Tensions between the two nuclear-armed rivals have soared since a suicide bombing in Kashmir on Feb. 14 by Pakistan-based Jaish-e-Mohammad militants killed 40 Indian paramilitaries. India has long accused Pakistan of cultivating such militant groups to attack it. Pakistan has denied any involvement in the suicide attack.

Indian aircraft crossed into Pakistan on Tuesday, carrying out what India called a pre-emptive strike against militants blamed for the bombing. Pakistan retaliated, shooting down a fighter jet Wednesday and detaining its pilot, who was returned to India on Friday in a peace gesture.

Despite the move, Indian and Pakistani soldiers have again targeted each other's posts and villages along their Line of Control (LoC) in disputed Kashmir, killing at least six civilians and two Pakistani troops, officials said Saturday.

It marked the first fatalities for Pakistani troops since Wednesday. Indian police, meanwhile, said two siblings and their mother were killed in Indian-controlled Kashmir. The three died after a shell fired by Pakistani soldiers hit their home in the Poonch region near the LoC. The children's father was critically wounded.

In Pakistan-controlled Kashmir, government official Umar Azam said Indian troops with heavy weapons "indiscriminately targeted border villagers" along the LoC, killing a boy and wounding three other people. He said several homes were destroyed by Indian shelling.

Following a lull lasting a few hours, shelling and firing of small arms resumed Saturday. A Pakistani military statement said two civilians were killed and two others wounded in the fresh fighting. The Indian army said Pakistani troops attacked Indian posts at several places along the militarized line.

The rivals have fought two of their three wars over Kashmir since their independence from British rule in 1947.

The current violence marks the most serious escalation of the long-simmering conflict since 1999, when Pakistan's military sent a ground force into Indian-controlled Kashmir. That year also saw an Indian fighter jet shoot down a Pakistani naval aircraft, killing all 16 on board.

Thousands of people on both sides of Kashmir have fled to government-run temporary shelters or relatives' homes in safer areas to escape shelling along the frontier, which is marked by razor wire, watch towers and bunkers amid tangled bushes, forests and fields of rice and corn.

In a sign of improvement in ties, Pakistan's minister for railways, Sheikh Rashid Ahmed, told reporters Saturday that the Samjhauta Express train service linking the Pakistani city of Lahore with the Indian border town of Atari would resume on Monday. The service was suspended by Pakistani authorities this past week.

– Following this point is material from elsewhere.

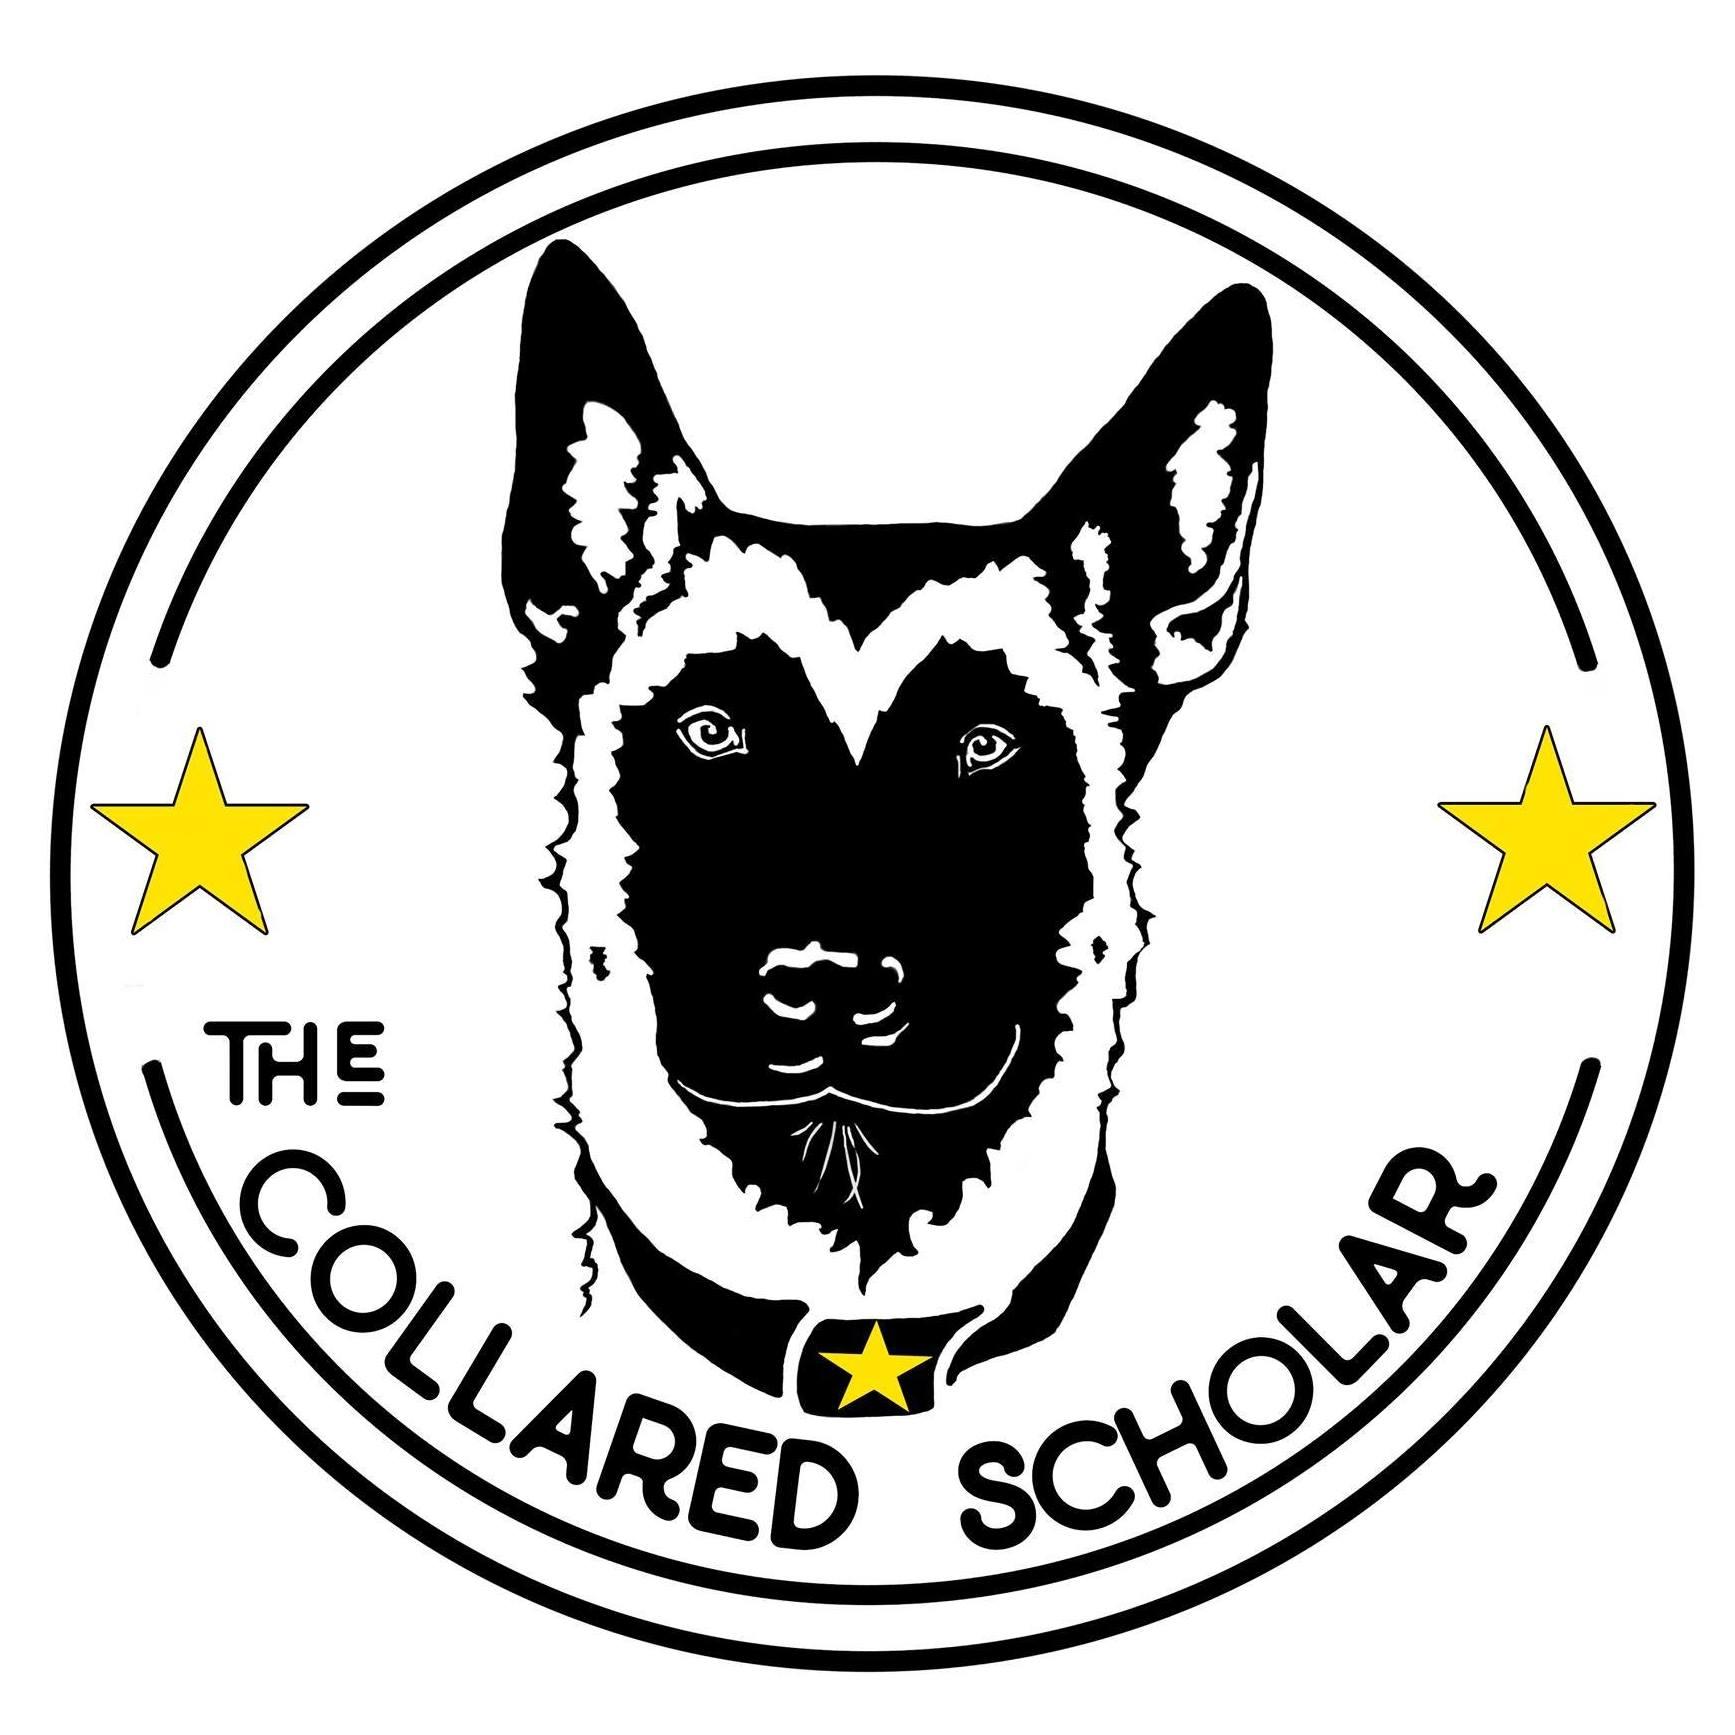 www.collared-scholar.com

Meanwhile, Indian police said two paramilitary soldiers and two counterinsurgency police officials were killed in a gunbattle with militants in Indian-controlled Kashmir, while troops fatally shot a civilian during anti-India protests.

Rebel groups have been fighting Indian rule since 1989 and demand that Kashmir be united either under Pakistani rule or as an independent country.